I gazed at him, thoughtfully. ‘“A ceremony of innocence”?’

‘Who said
that
?’

‘Yeats. “The Second Coming”.’

‘That sounds about right.’

SIXTY-ONE

I
t was the perfect morning. A few soft clouds and a gentle westerly. A day to savour. I started it with a stroll though Kelvingrove Park and a swim. Sam had the day off and we took breakfast together. We smiled a lot.

The drive down to Kilmarnock was smooth and easy. Sam was humming away and looking pleased with herself, as well she might. She’d steered a brilliant and dogged path through the legal contortions surrounding my case, and as of yesterday, I was officially exonerated. It was helped by Gus Fulton’s full confession and a series of witnesses being found. Stewart had showed up at Turnbull Street police station with a pack of grubby boys, one stumping in wearing callipers. Through his teacher contacts Stewart had tracked them down and the wee ruffians were clamouring to tell their story. They were still excited about the sweets and silver sixpences they’d got from the man in the big car. Just for playing a game of hide and seek with the silly man with a briefcase.

At the same time, Duncan found the memories of the ticket men at the ferry booths were pinpoint clear. Of course they remembered a hot sweaty man with a briefcase running around like a dafty. That’s what they’d have said – if anyone had bothered to ask them. Another charge against Sangster and his crew. Duncan even found Sticky, plying his trade back on George Square. Sure, he remembered the soldier laddie who always saluted him and overpaid for his mushy apple.
I’d given him enough extra to let him catch the subway and see the Govan Fair the next day.

A public apology was made by Malcolm McCulloch. He announced at the same time that a number of members of his force would stand trial for everything from drinking on duty to conspiracy to commit murder. Sangster’s name headed the list.

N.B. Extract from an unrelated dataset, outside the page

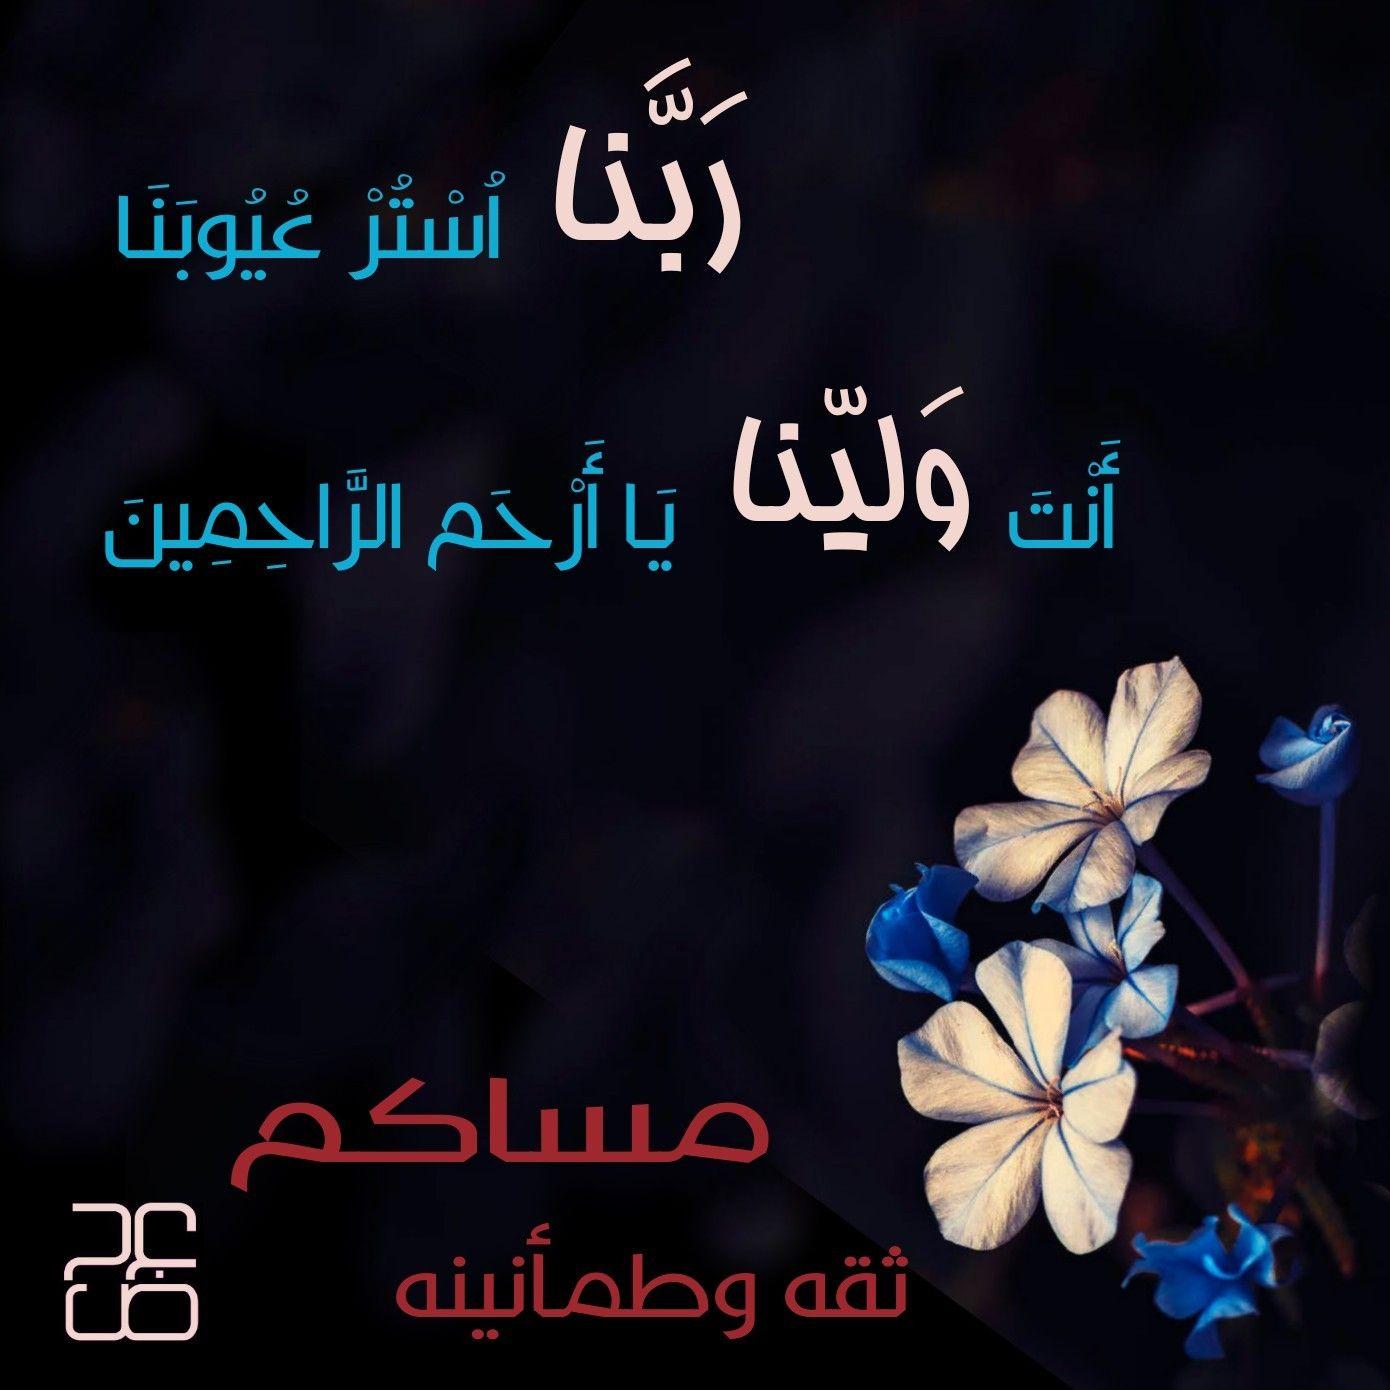 أنت ولينا يا ارحم الراحمين Poster Movie Posters Movies

I took the Dean Castle turn-off just outside Kilmarnock. A trickle of brown water ran across the ford and we bumped over and took the back road past the Kay Park to the cemetery. I glanced over to the right at the lake – big pond, really – and remembered as a wee boy being taken on the rowing boats by my dad. A million years ago. Now my father lay under the green grass on the hill ahead, just one of the lines of headstones marching away over the rise. Continuity.

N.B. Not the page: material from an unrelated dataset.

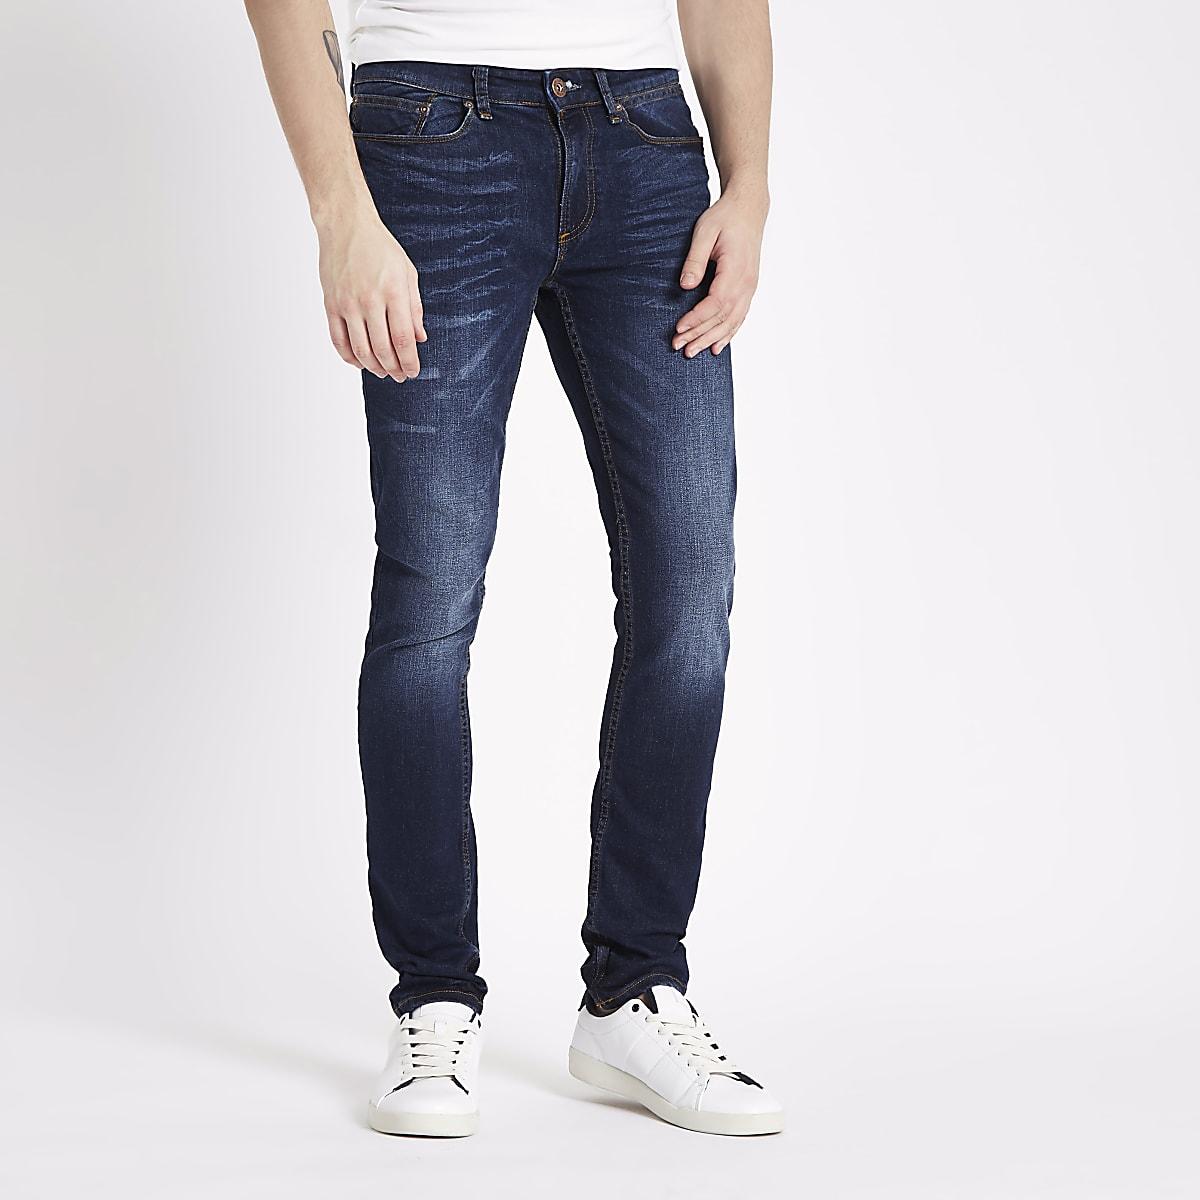 06d68a4b8 Dark Blue Denim Jeans Mens - The Best Style Jeans

We drove towards the small crowd gathered nattering at the gate. A coach was parked just along from them. A singledecker with the roof off. Later – at my request – there would be streamers fluttering from the windows, like a Sunday-school jaunt. The trippers were dressed for summer, the women in bright frocks and the men in shirtsleeves or gaudy ties with hankies drooping from breast pockets.

Duncan was the first to see us and got the others’ heads turning round. Shimon Belsinger grinned and waved from among a small group of men sporting yarmulkes. Shimon had his big arm round his shy wife, whom I’d last seen at another cemetery when we were burying Isaac Feldmann, a mere five months ago. In the worst winter in memory, they’d had to build fires on the ground to get a shovel into the frozen earth. Today, Isaac’s daughter had come, but not his son. Amos and his family were on a kibbutz in Palestine holding the land until it became theirs – if the UN ever agreed.

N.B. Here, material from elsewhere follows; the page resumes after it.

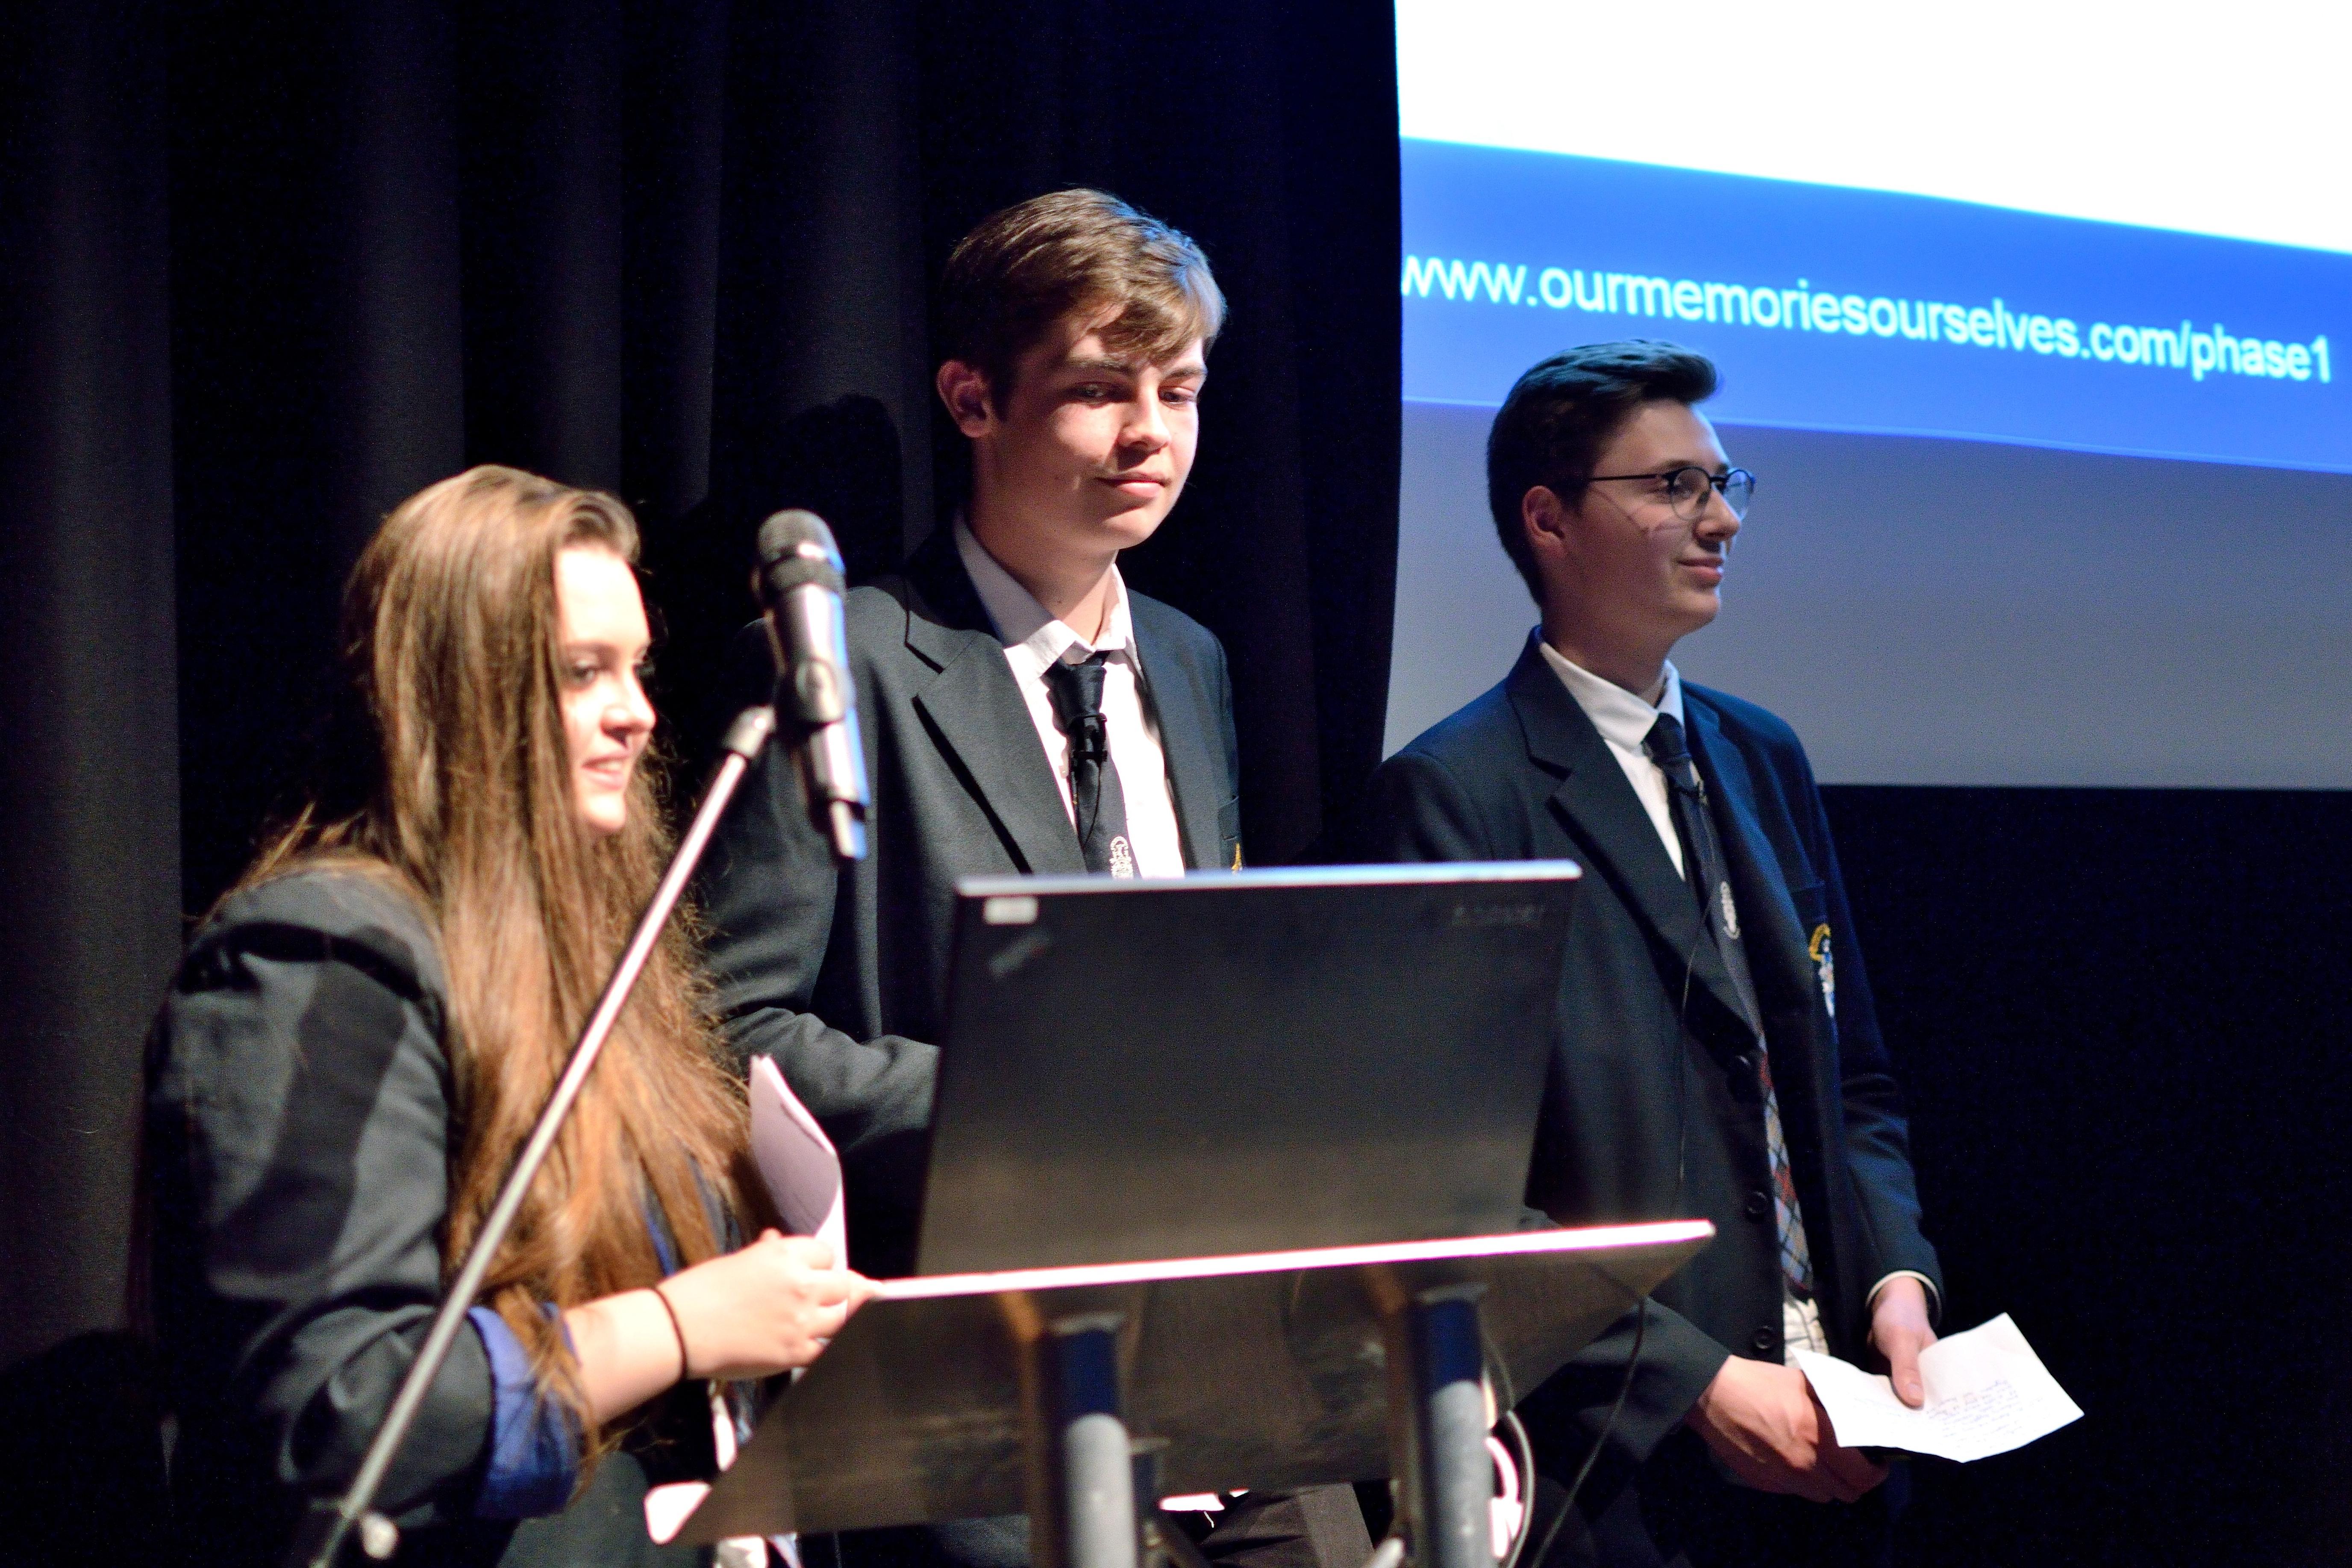 Group1 Presentation

Wullie, ensconced in his wheelchair, raised a languid hand with a fag in it. I was surprised he wasn’t sipping from a celebratory half-bottle. Behind him, Stewart grinned. Gathered
round them were my friends from the
Gazette
: Big Eddie, Sandy, two of the secretaries, and brainy Elspeth peeping shyly through her glasses and the thicket of strawberry-blond hair.

My new pal Harry Templeton gave a nod and a smile. Alongside him and looking like he’d robbed a bank and spent the lot on a bespoke tailor, an optician and a barber, was a beaming Archibald Higgins. Even from a distance I could see the ribbon and medal dangling from his breast pocket. He shoogled it at me as I approached.

There was also a big blonde woman sheltering among them, carrying a baby in a shawl and holding a small girl by the hand. Mairi McLeod, Eric’s much put-upon wife. I owed her a huge apology and a million thanks for giving me so much of her husband’s precious time.

But best of all was the beaming smile I got from the small white-haired woman who stepped towards us. She wore a blue summer frock with big flowers on it and a bonnet that would have won the Kilmarnock Easter parade. If they had one. I lifted my mother up and gave her a birl.

‘Put me down this minute, you big silly man.’

But she didn’t mean it. There were no neighbours around. Sam and I were hugged and our hands shaken off until we’d done the rounds. We got to Mairi.

‘Where’s Eric?’ asked Sam of the blushing Mrs McLeod. Sam had lifted the wee girl in her arms and they were inspecting each other.

Mairi raised her brows at me. I smiled.

‘He’s waiting inside, Sam,’ I said.

‘Shall we go?’ asked Duncan.

We filed through and I walked slowly enough that I could keep my arm round Sam and my mother. It had been a while – too long – since I’d walked with Mum and laid flowers on my father’s grave. I was relieved to see we were nowhere near his. She must have read my thoughts.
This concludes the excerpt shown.